**Exercise prompt**
What is needed is a faithful transcription of all the data below, pictures excluded.

**Provided data**
——————————

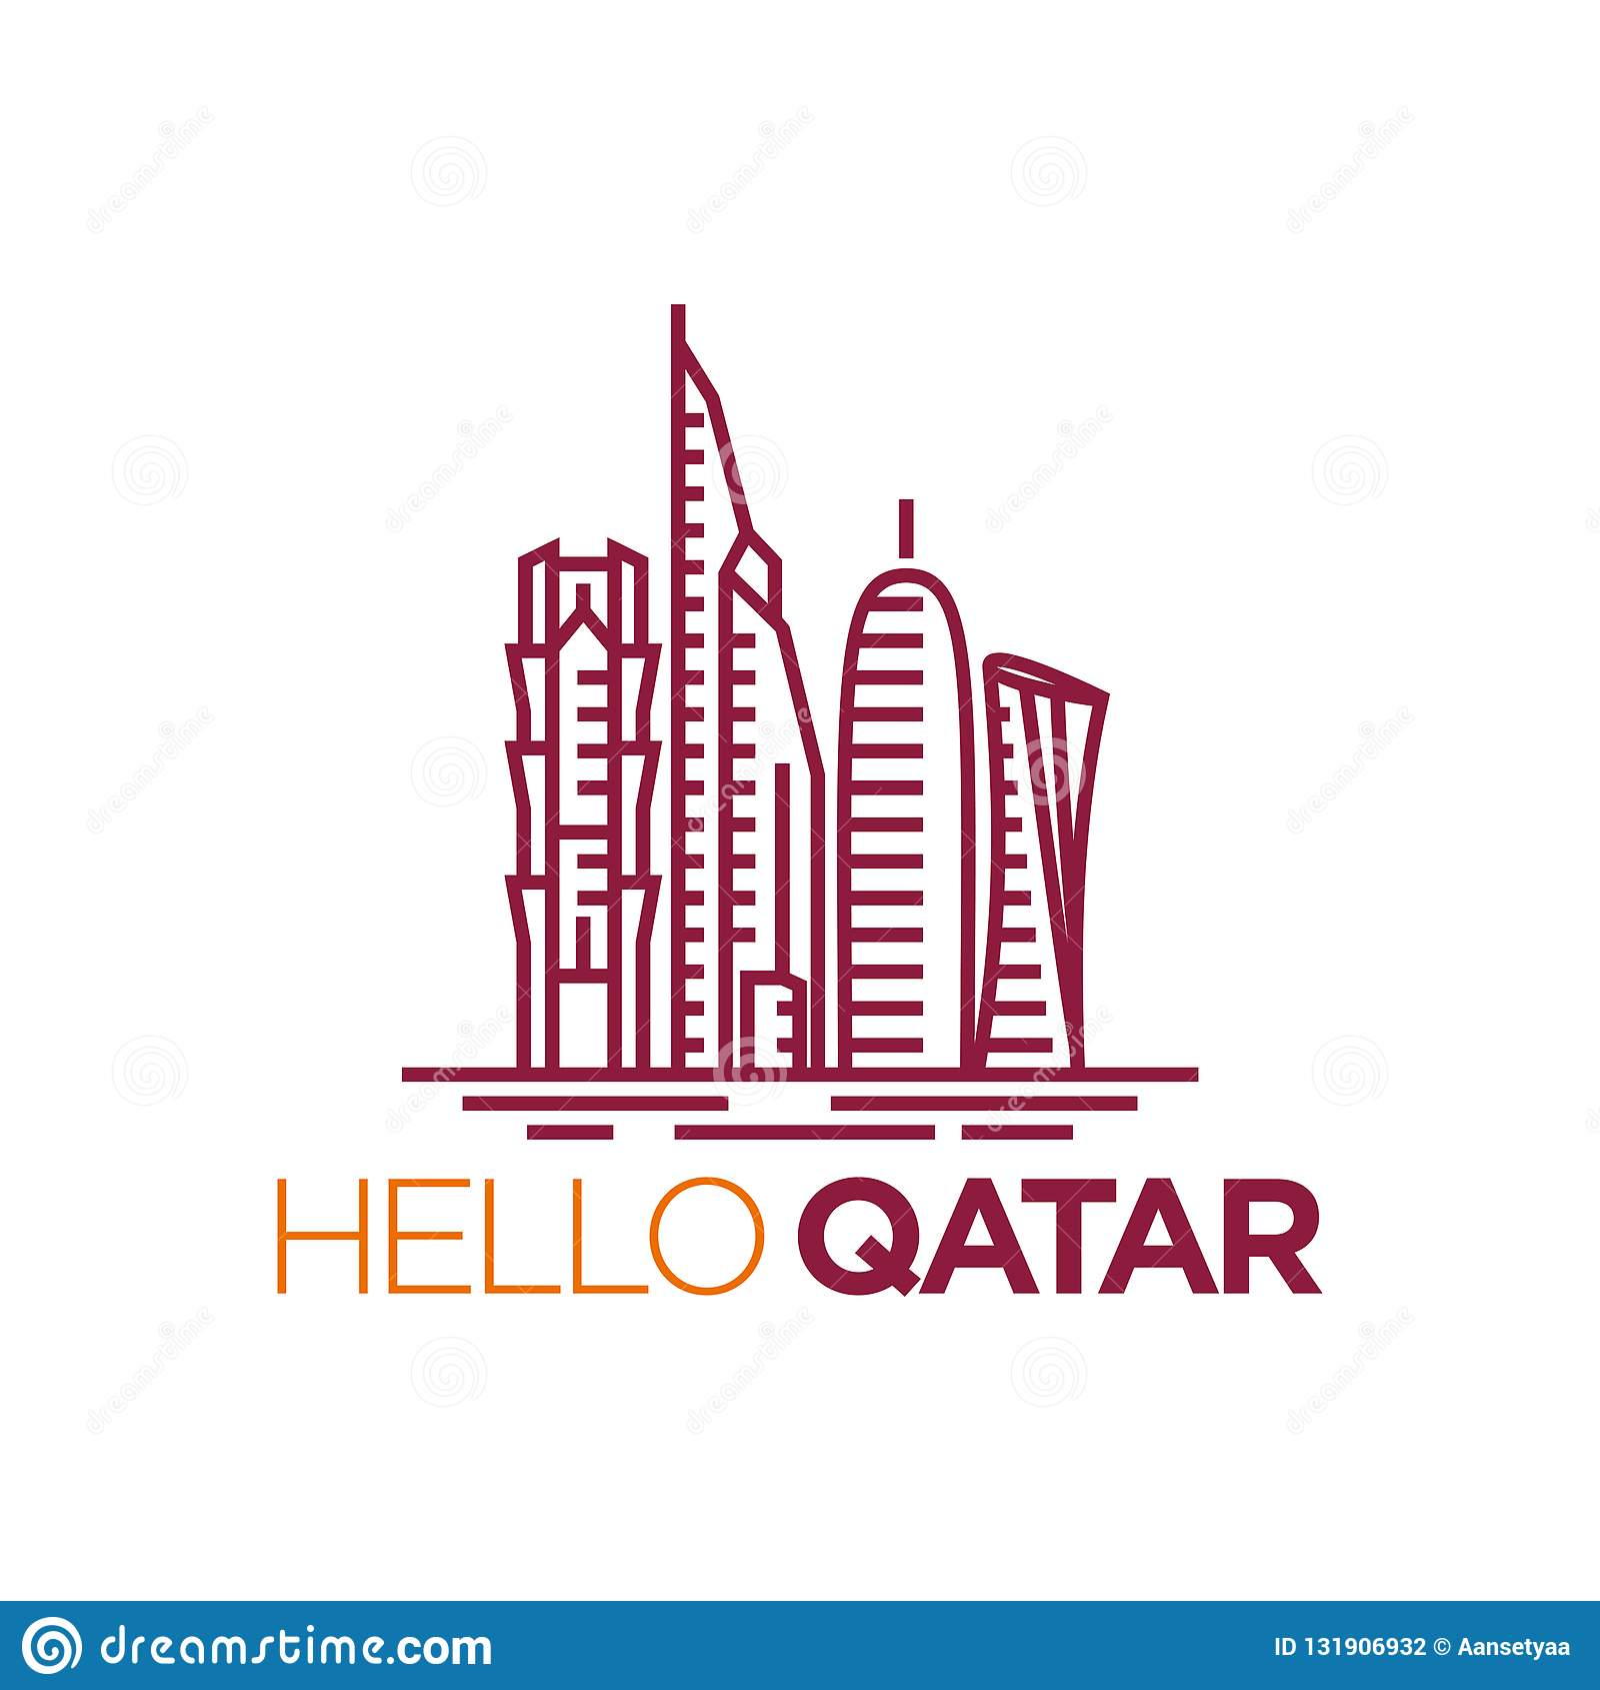 Qatar City Tower Logo Design Inspiration Qatar Tower Vector Stock Vector Illustration Of Vector Architecture 131906932
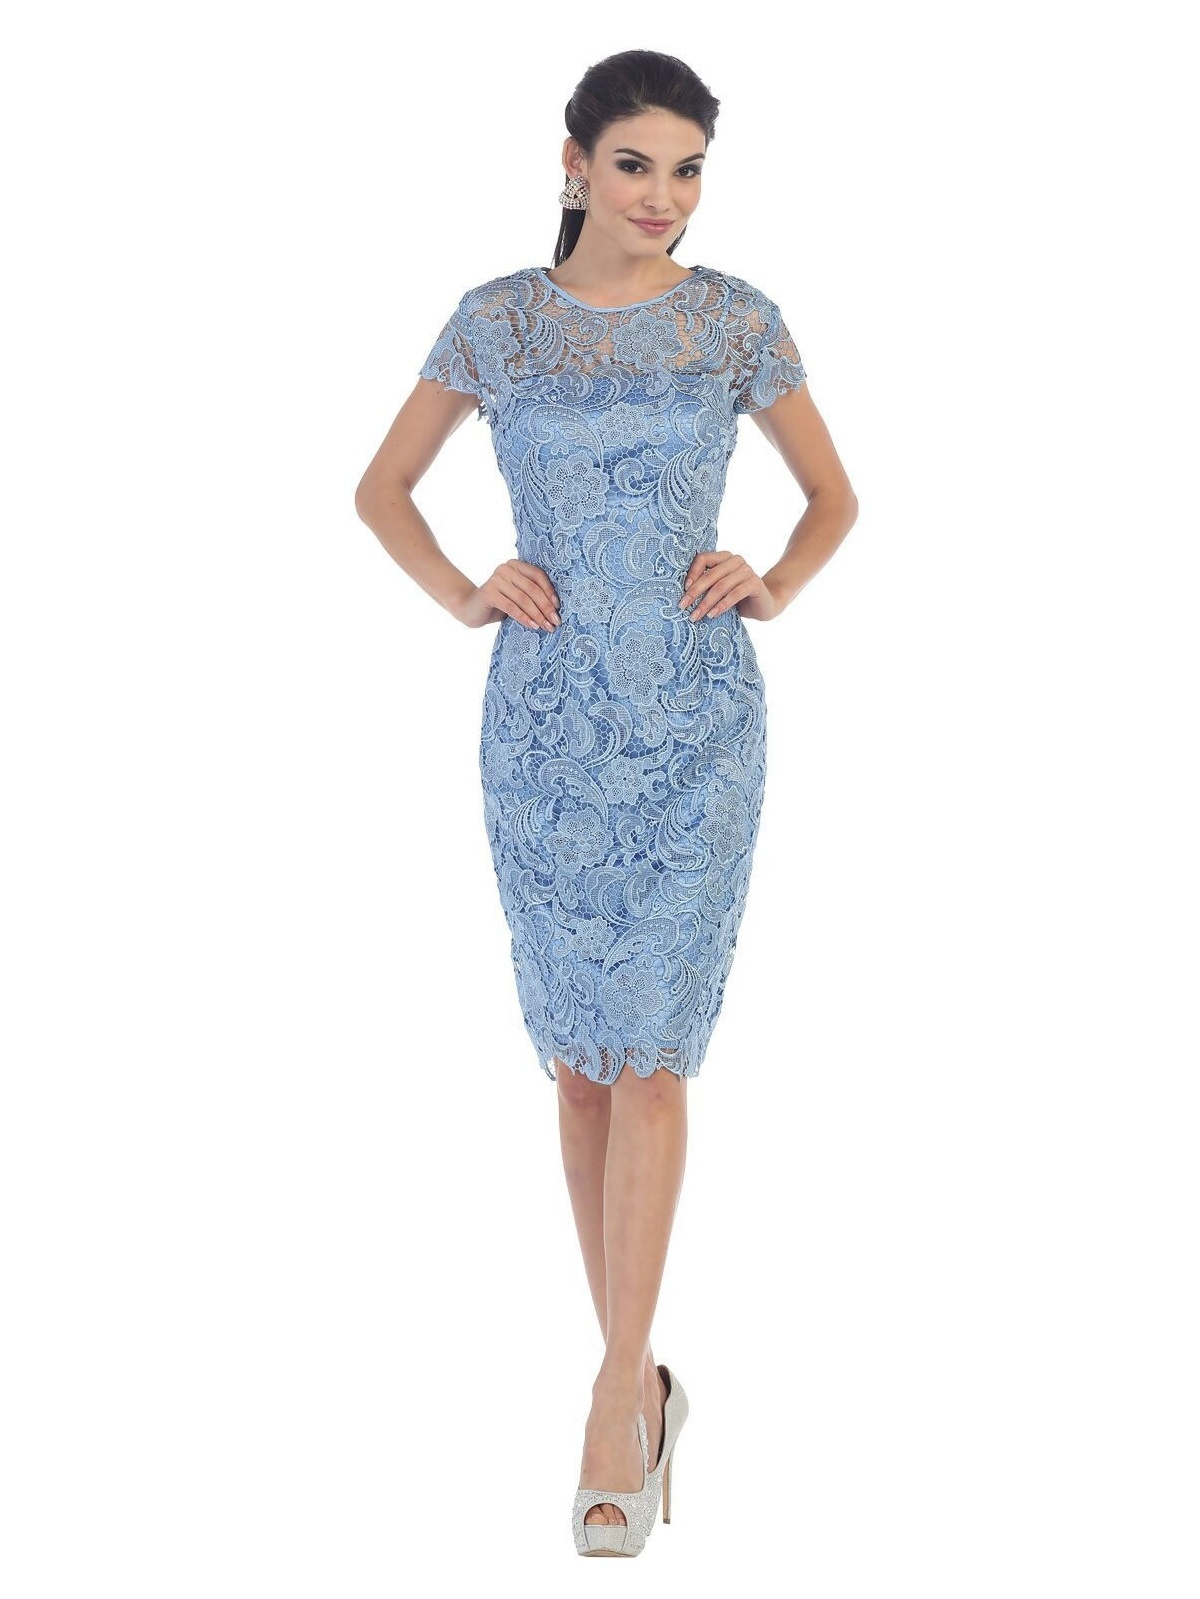 Short Plus Size Mother of the Bride Dress 2018 - Walmart.com
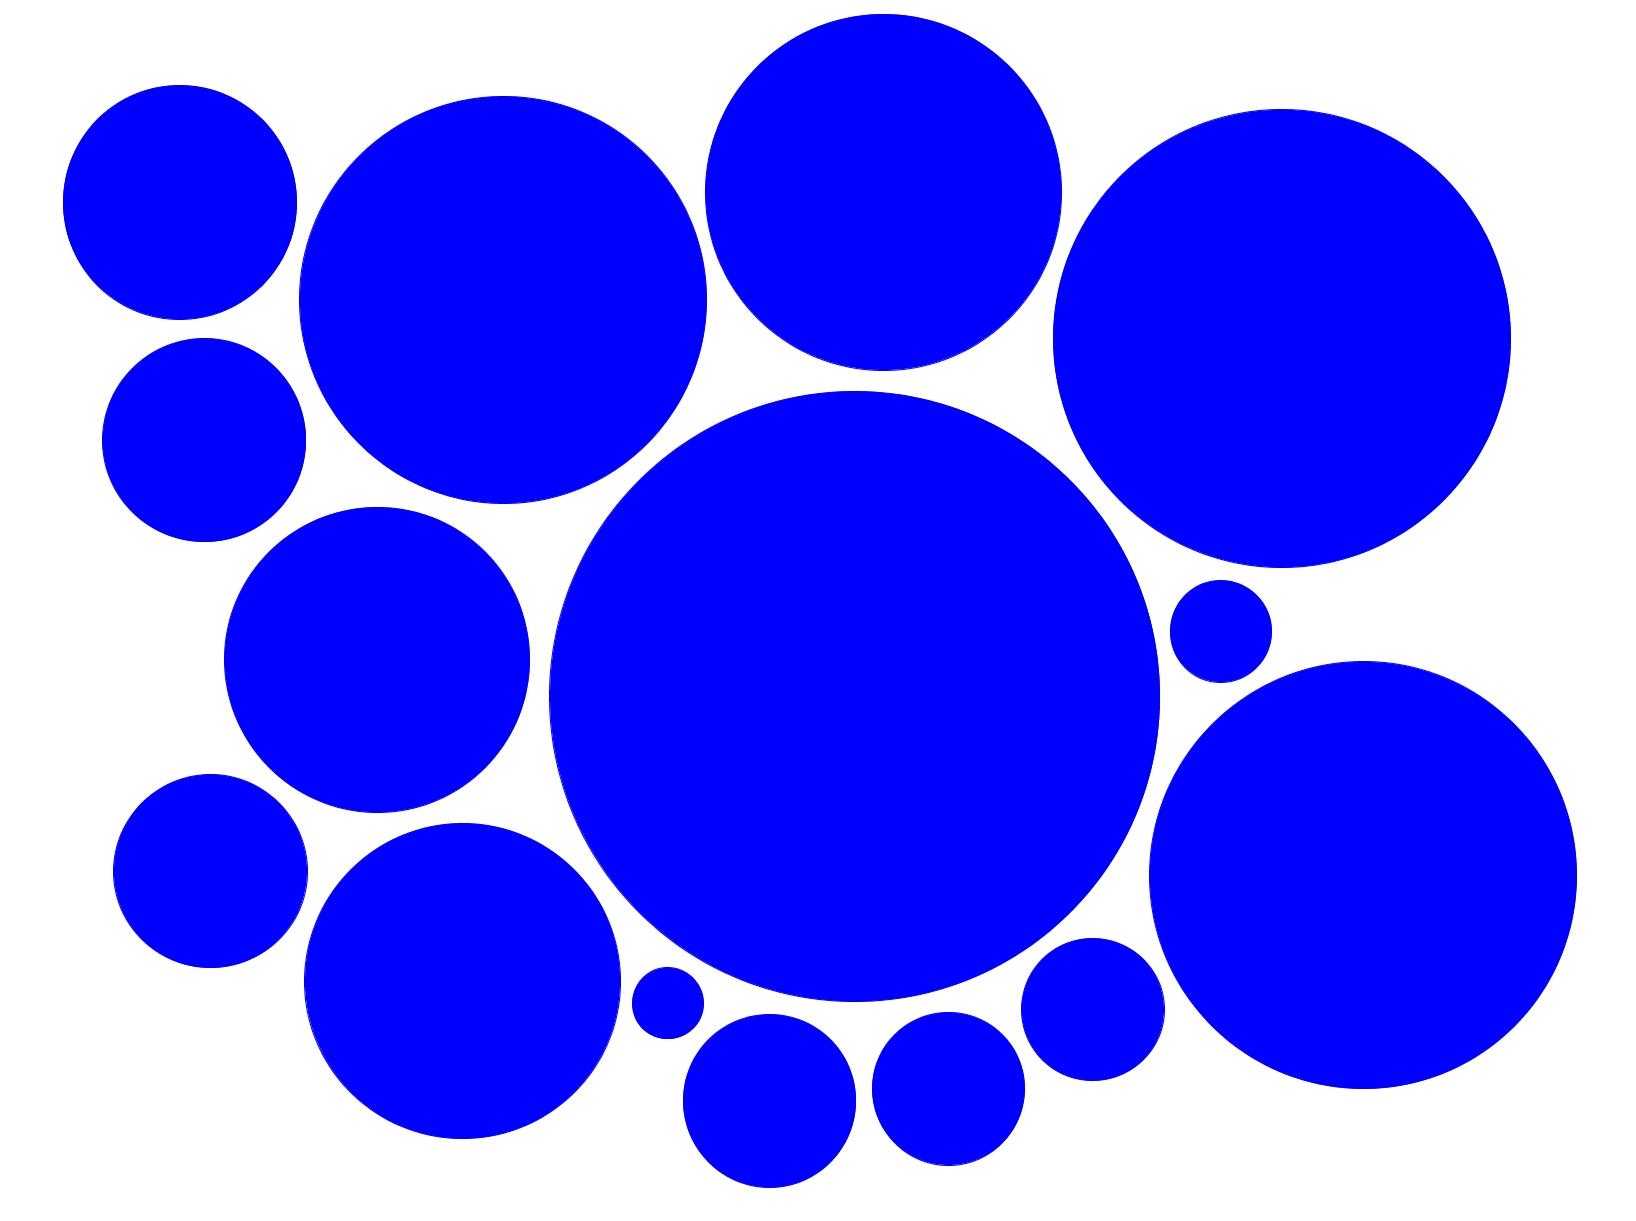 1636x1221 Congruence And Similarity Of Circles Mathspace

——————————

**Written response**
 Qatar City Tower Logo Design Inspiration Qatar Tower Vector Stock Vector Illustration Of Vector Architecture 131906932
 Short Plus Size Mother of the Bride Dress 2018 - Walmart.com
 1636x1221 Congruence And Similarity Of Circles Mathspace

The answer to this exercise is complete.